Progressive-Democrat-run States are looking at ways to cover putative budgetary shortfalls.

  • Minnesota State Representative Aisha Gomez, a Democrat…sponsored legislation that would implement a higher tax rate for joint filers in Minnesota making over $1 million a year if federal Medicaid cuts take effect
  • Connecticut legislators have proposed a bill that would raise income-tax rates on couples making at least $500,000 and individuals making at least $250,000
  • Washington Governor Bob Ferguson, a Democrat, in May signed into law a budget that includes an increase in the capital-gains tax, among other things
  • Maryland Governor Wes Moore, a Democrat, in May signed into law his tax proposal, which includes higher income-tax rates for state residents making more than $500,000 a year
  • Rhode Island in June imposed a new tax on certain vacation homes valued at $1 million or more

And this:

Many states face projected budget deficits after increasing spending and cutting taxes in the flush postpandemic years….

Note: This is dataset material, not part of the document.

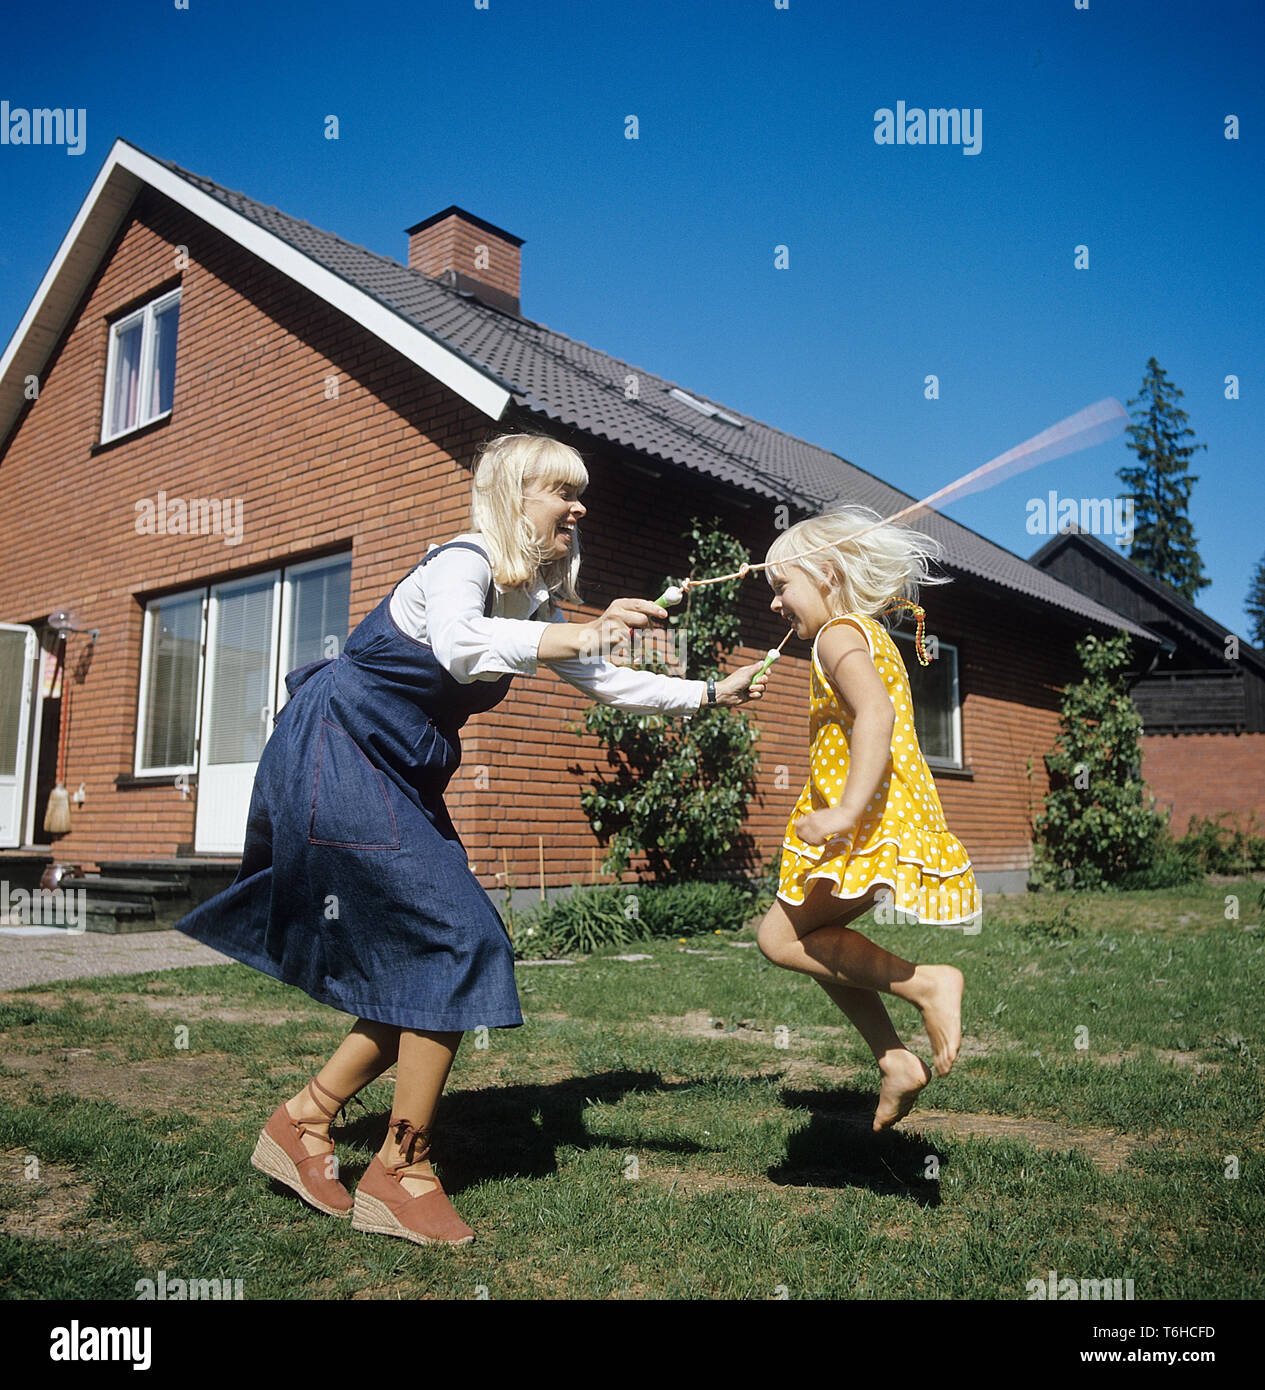 1970s lifestyle. A mother and her daughter is playing together in the garden. They are jumping rope together and laughing. Sweden 1970s. She is actress Margareta Sjödin. Stock Photo

Notice that. Profligate spending leads to revenue shortfalls, so—raise those taxes, especially on the rich, who Owe Us. That’s akin to a business losing money, so it raises the prices it charges for its products.

Nowhere in there is any Progressive-Democrat-run State reallocating its spending to stay within existing revenues, much less cutting spending to do so.

I repeat a long-standing challenge of mine: can any Progressive-Democratic Party politician even say the words, “Cut spending?”

I’m Down with That

George Will wants a clear and present example of the wonders of socialism, so he’s pushing for the Progressive-Democratic Party’s most prominent socialist (yes, even more so than Bernie Sanders (D, VT) to become mayor of New York City.

I want him to win. I think every 20 years or so, we need a conspicuous, confined experiment with socialism so we can crack it up again.

That works out to about once a generation, which I think overstates the need. Every three generations—every 60-ish years—I think would be about right; the grandfathers would still be around to help the grandchildren with the empirical outcomes of their own dabbling in socialism.

I agree with Will’s basic premise, though: let New Yorkers get the socialism they want. Let the outcome of that serve as an object lesson of the destructive and life-shortening nature of that ideology. New York City is large enough and nearby enough that the results will not be able to be ignored.

Nevertheless, to paraphrase HL Mencken, give New Yorkers what they want, good and hard.